In recent years, regulatory updates have further strengthened this framework. Initiatives such as the digital e-AUSHADHI portal, the introduction of the Ayurveda Āhāra regulations, 2022, and proposed modern GMP amendments highlight the shift toward transparency and stricter oversight. A valid AYUSH license not only ensures compliance but also builds consumer trust and supports the global recognition of India’s traditional medicine sector.

Frequently Asked Questions (FAQs)

Q1. What is an AYUSH License?

Ans. An AYUSH License is a mandatory approval granted by the State Licensing Authority to manufacture, market, or sell Ayurvedic, Siddha, Unani, and Homoeopathic (ASU&H) medicines in India.

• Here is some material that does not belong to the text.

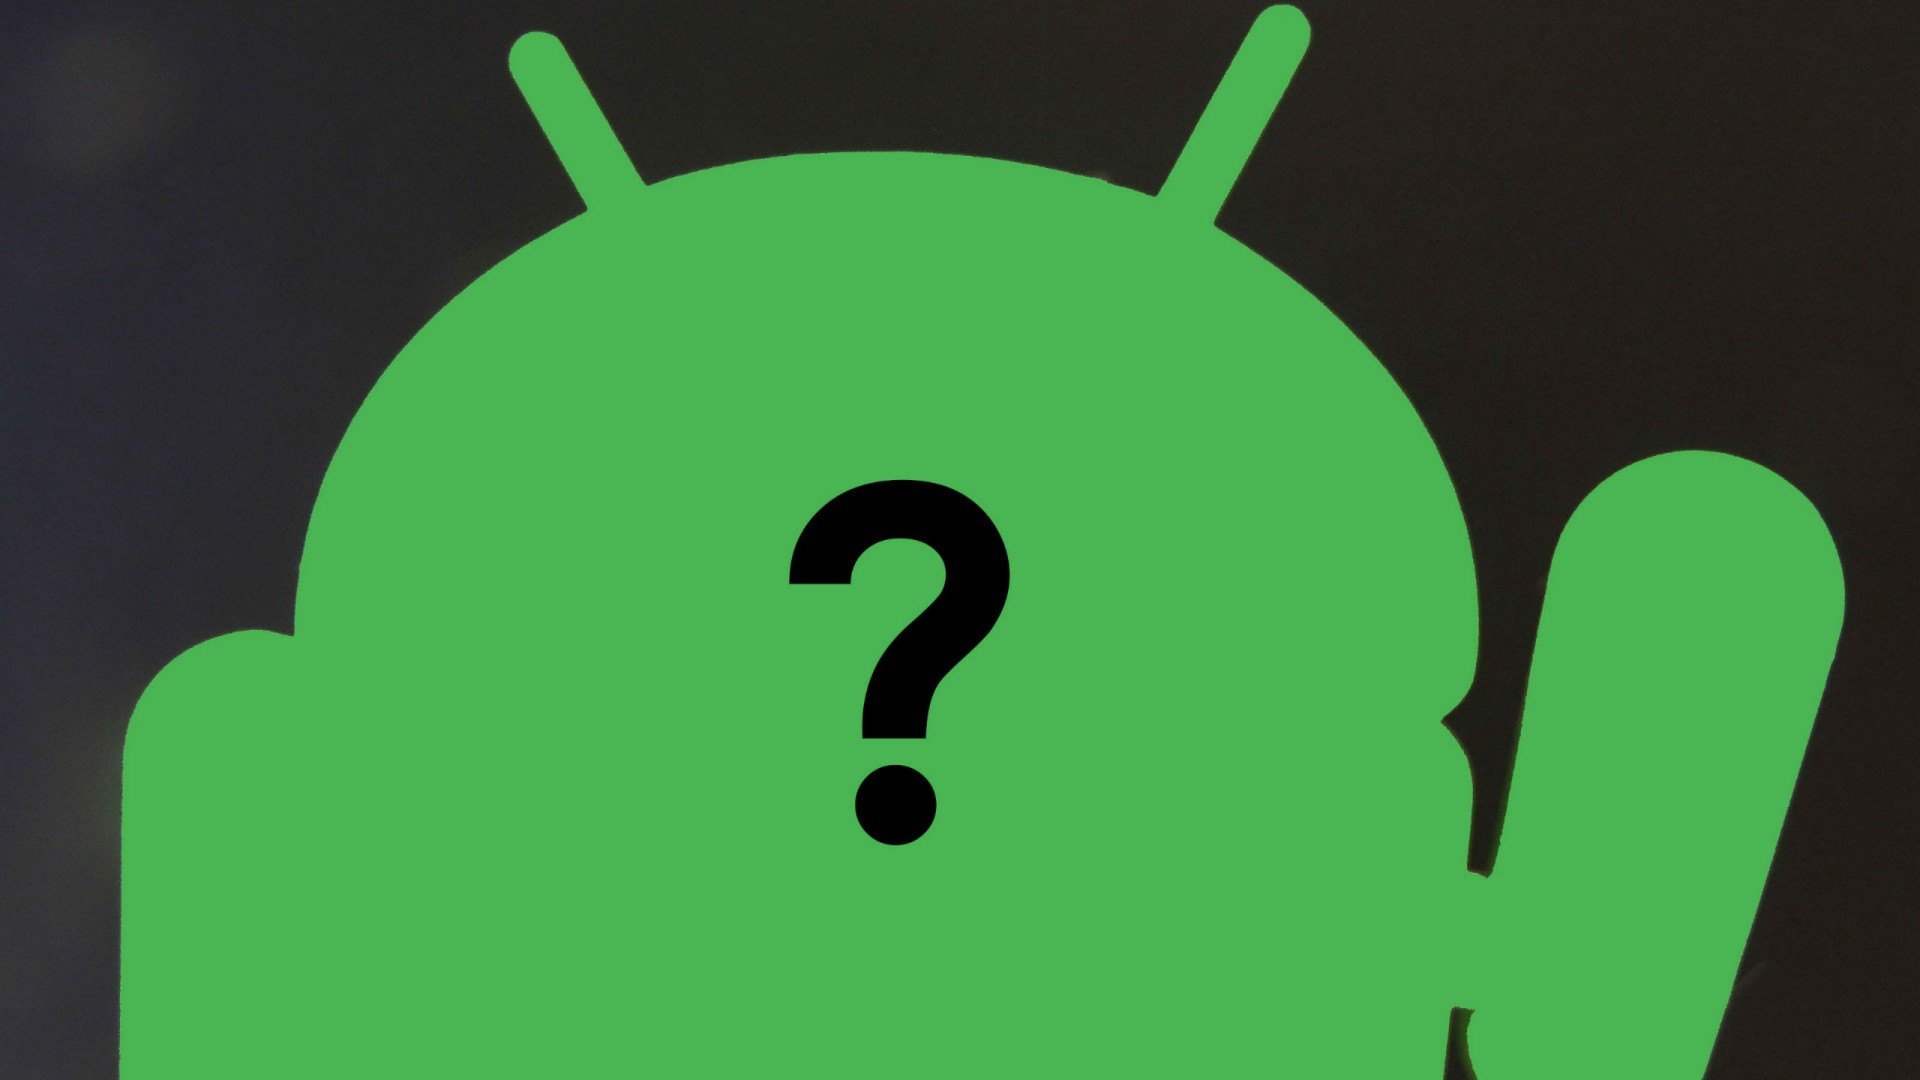 หรือว่า Android N จะใช้ชื่อว่า “Nori”

Q2. Which law governs AYUSH License Registration?

Ans. It is governed by the Drugs and Cosmetics Act, 1940 and the Drugs and Cosmetics Rules, 1945, with specific provisions in Schedule T (ASU) and Schedule M-1 (Homoeopathy).

Q3. Who issues AYUSH Licenses in India?

Ans. Licenses are issued by the State Licensing Authority (SLA) of the respective State or Union Territory where the unit is located.

Q4. What documents are required for AYUSH License registration?

Ans. Key documents include business incorporation papers, proof of premises, factory layout, technical staff qualifications, QC lab details, SOPs, batch records, and sample labels.

Q5. How is the application for an AYUSH License filed?

Ans. Applications are filed online via the e-AUSHADHI portal, where applicants upload documents, provide business details, and pay government fees.

Q6. Is inspection mandatory for AYUSH License approval?

Ans. Yes. A State Drug Inspector visits the facility to verify compliance with GMP standards before granting the license.